Jens, please note that this was bisected down to a block layer change.
Hmm interesting. So the drive is actually detected, but later issued commands by udev are timing out. Could you double check if 2.6.27-rc6 is broken or not?
CC'ing Bart and Borislav.
2.6.27-rc6 is also broken.
Note: This time I've had to use the .config from the Debian package for 2.6.26, as the one provided by "make defconfig" didn't detect the hard disk (!).
The behaviour is the same: Waiting time while udev is trying to detect hdc,
timeout of "udevadm settle", eject button does not work, and a simple
"less -f /dev/hdc" makes eject to actually happen.
can you please try the attached patch and send me the dmesg output?
Created attachment 17848 [details]
spit failing command patch
(In reply to comment #7)
> Created an attachment (id=17848) [details]
> spit failing command patch
Could you tick the "patch" checkbox on this attachment?
Created attachment 17854 [details]
dmesg after patching ide-io.c
More info, which I don't know if it's relevant.
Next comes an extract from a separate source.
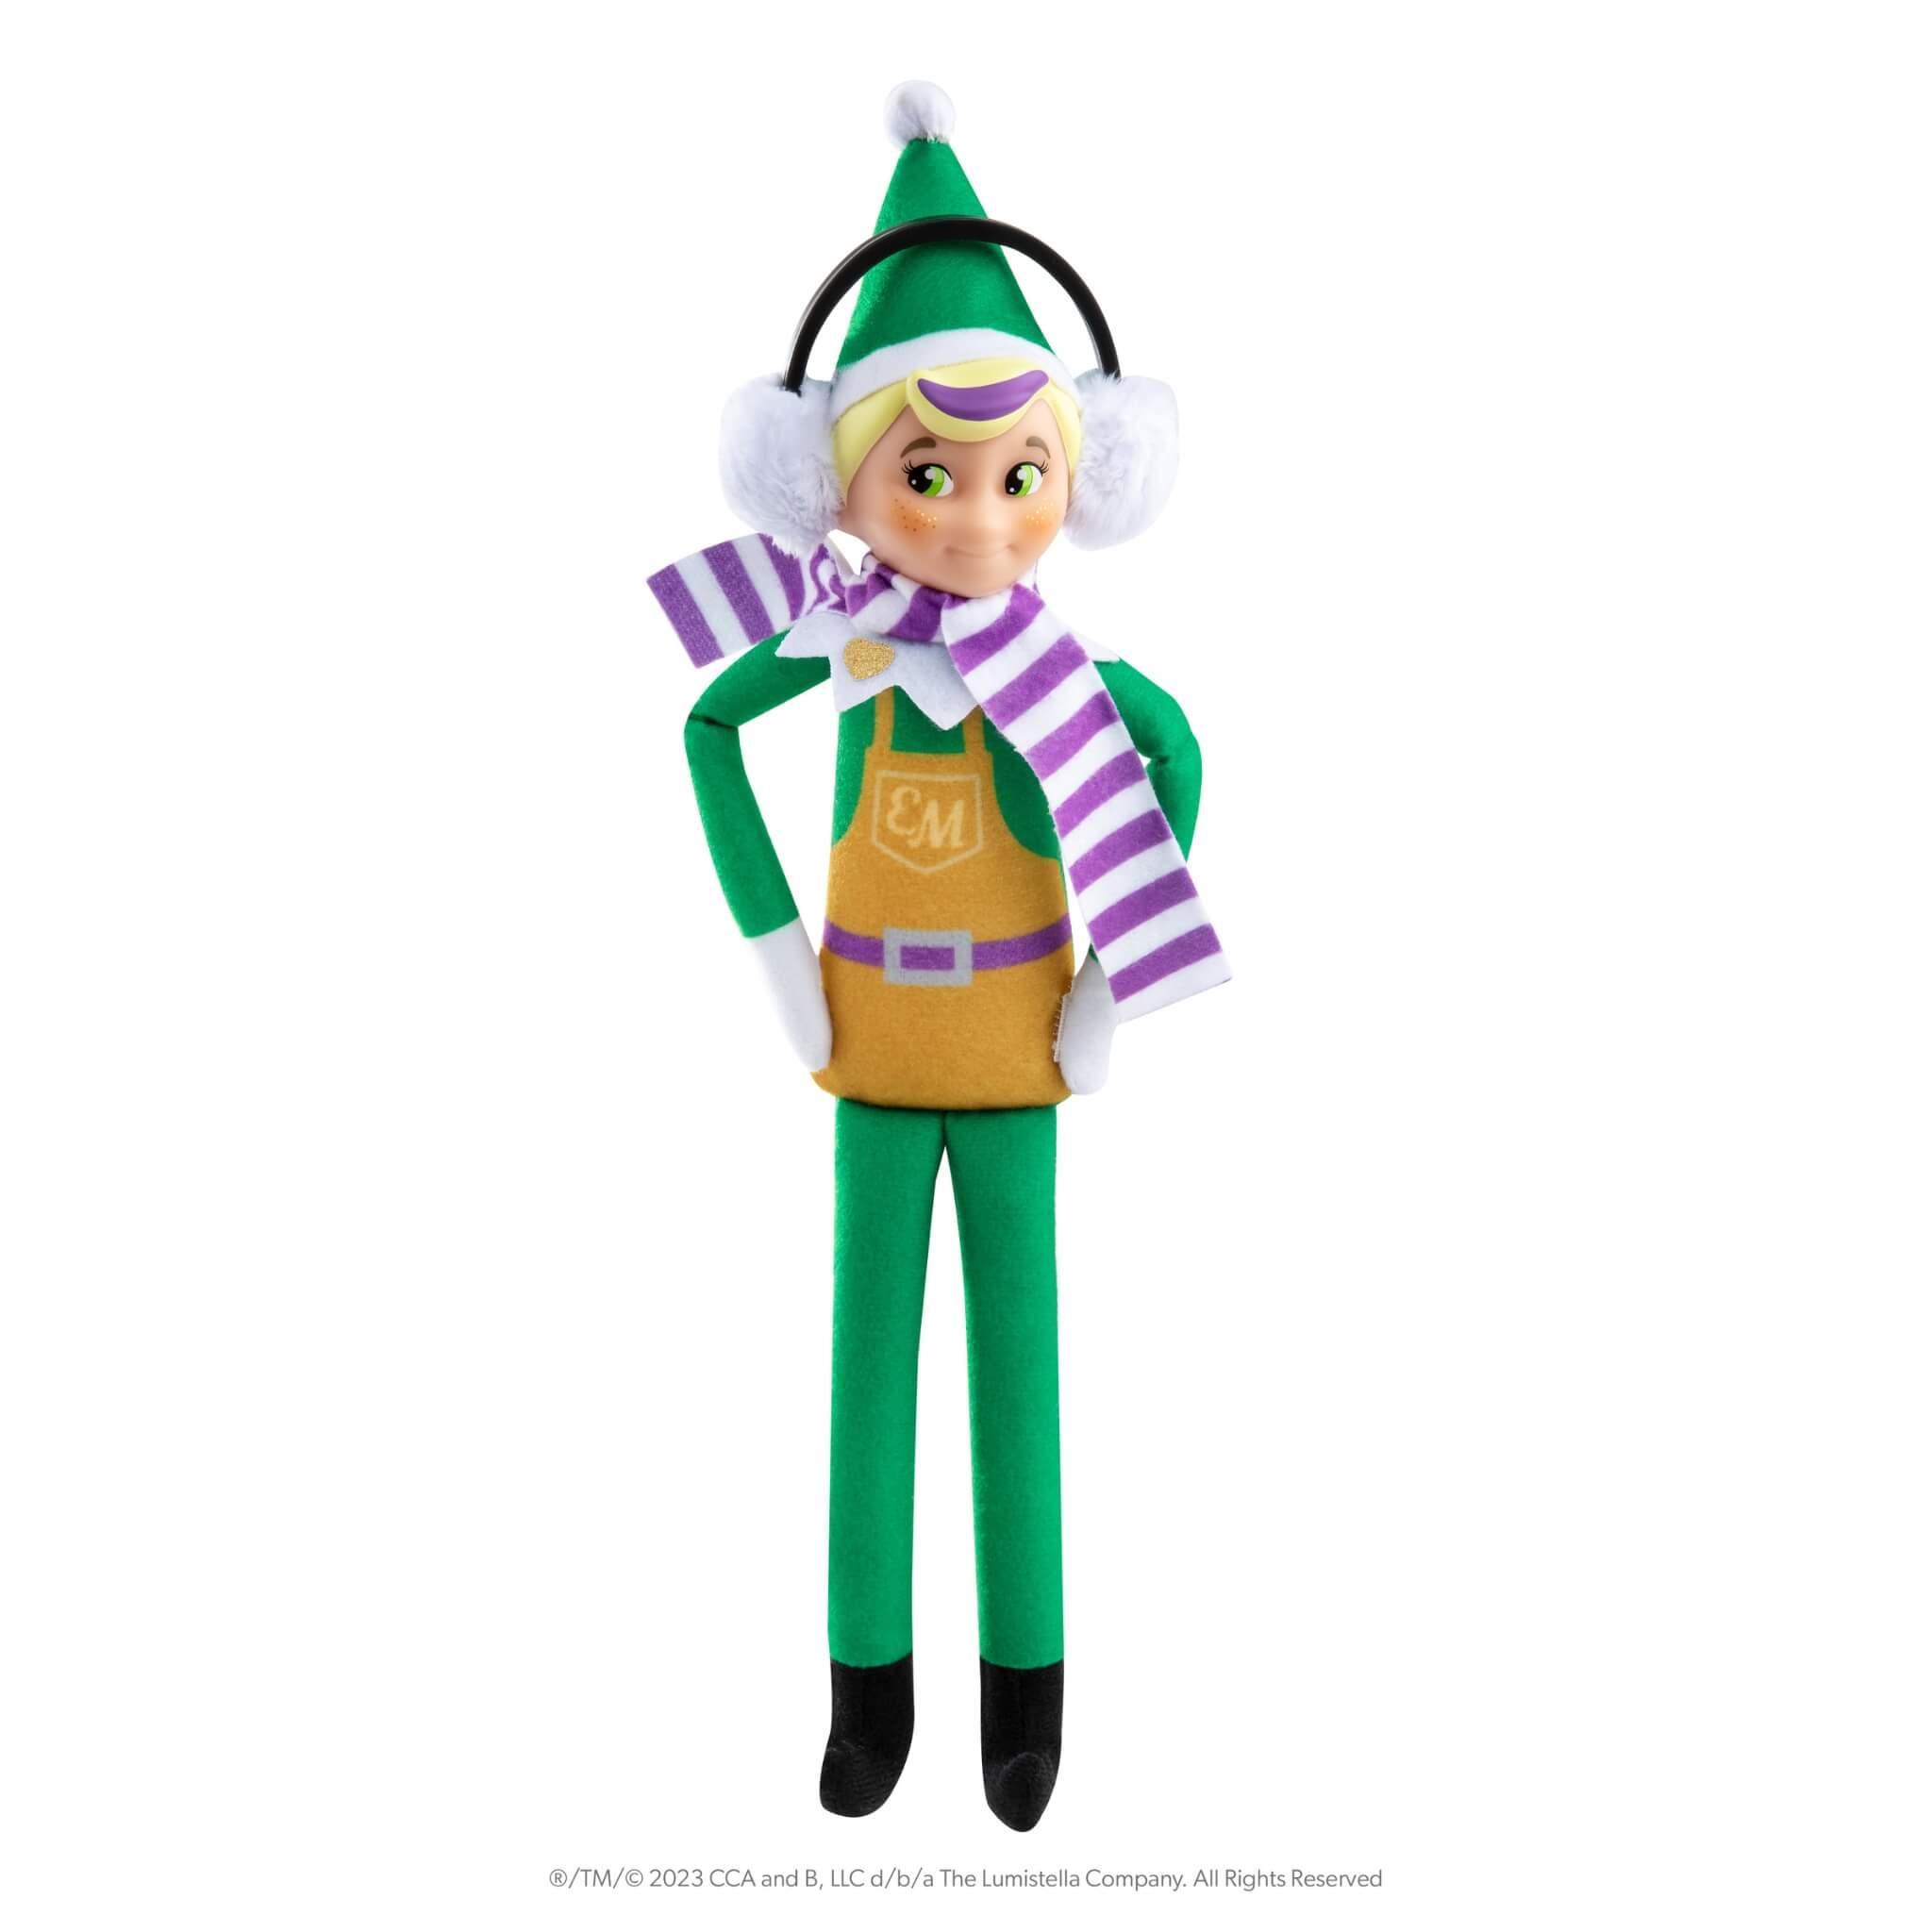 The Elf On The Shelf®: The Ultimate Christmas Collection DVD - The Elf on  The Shelf

If I leave the system alone and don't try to wake up the cdrom by doing "less -f /dev/hdc", then the following messages are appended to dmesg (see next attach).
Created attachment 17855 [details]
More dmesg output
Ok, those are follow-up traces from the soft lockup detector code showing that we're stuck trying to revalidate the disk after reading the toc. There are also some ioctls which come from somewhere else so we'll have to enable full debugging output in order to see exactly what happens. Here's a debugging patch, it is pretty big, please recompile with it and send me the whole boot log - the dmesg might not be complete since the debug output is going to be a lot more verbose and overflow the ring buffer so try to copy it from /var/log/syslog or similar, thanks.
Created attachment 17856 [details]
enable full debugging info
Here it is. Notes:
* This is 2.6.27-rc6, as the patch didn't apply cleanly to 184.108.40.206.
* I've modified the file
which is used in my system to build the initramfs so that "udevadm settle" takes
only 30 seconds instead of the default 180.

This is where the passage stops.